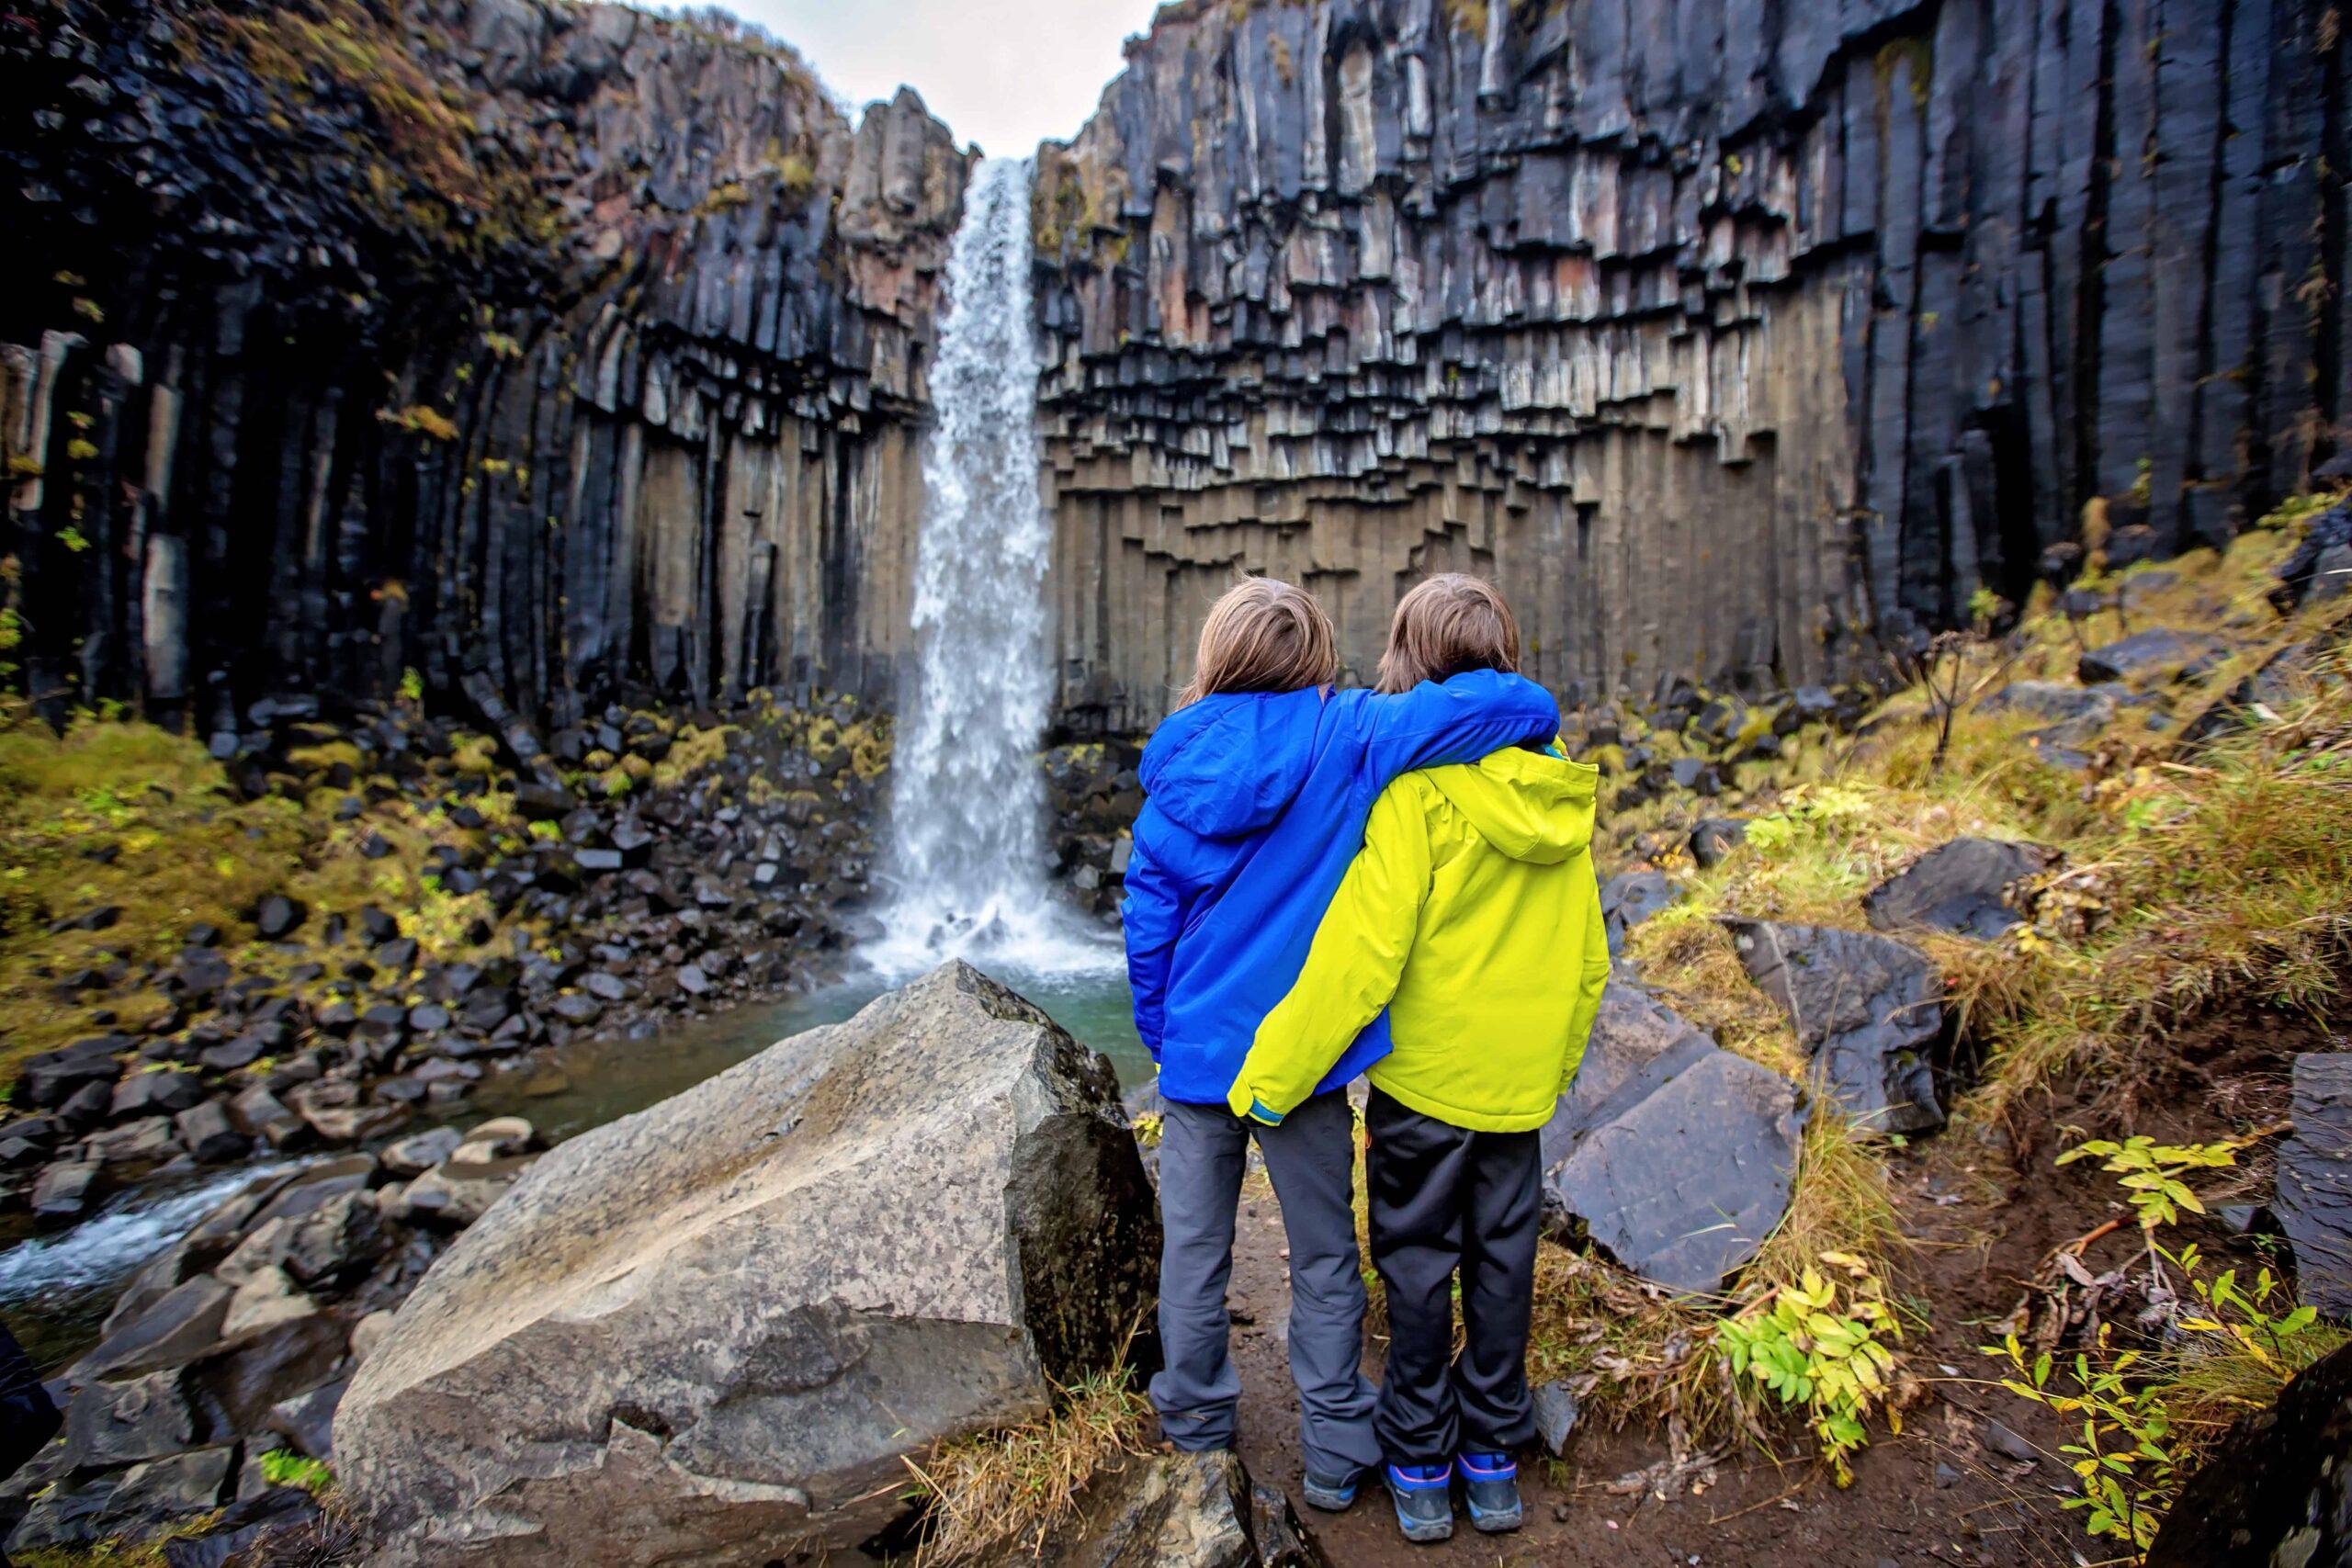 brothers at Svartifoss waterfall in Skaftafell Vatnajökull National Park in south Iceland
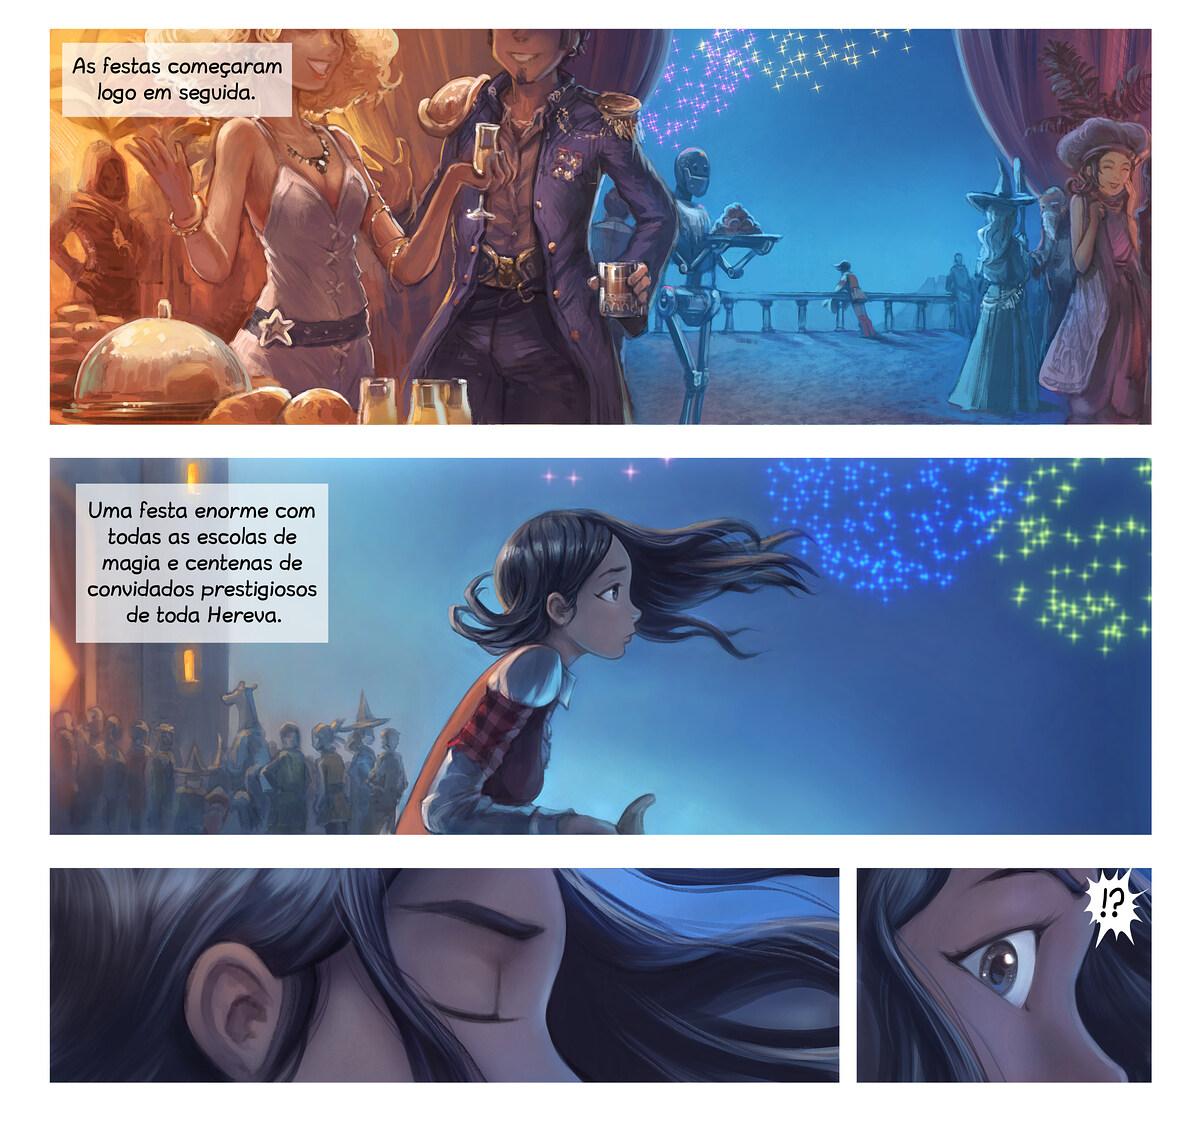 A webcomic page of Pepper&Carrot, episódio 28 [pt], página 3
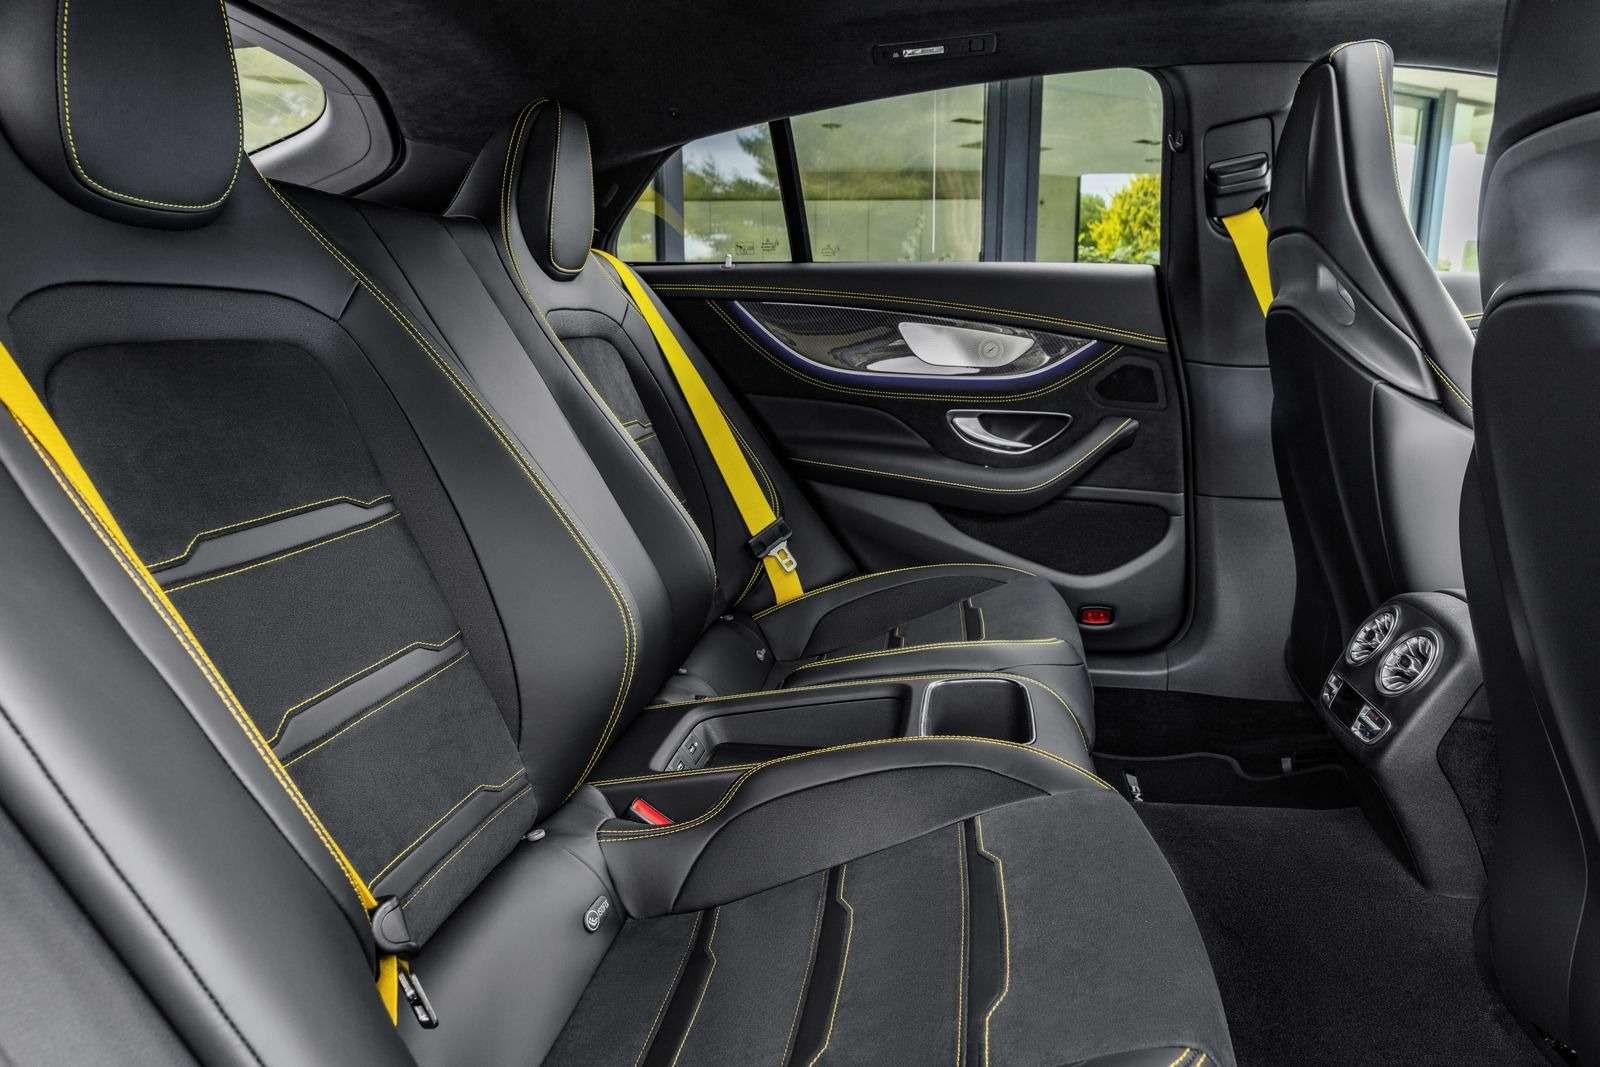 Подмена! Пятидверный Mercedes-AMG GTполучил «тележку» Е-класса— фото 851524

____________________

WORK TO COMPLETE:
After locating the line with "A webcomic page" in the listing above, transcribe it and every line after it to the last, exactly, with no pictures.

ANSWER TO THE EXERCISE:
 A webcomic page of Pepper&Carrot, episódio 28 [pt], página 3
 Подмена! Пятидверный Mercedes-AMG GTполучил «тележку» Е-класса— фото 851524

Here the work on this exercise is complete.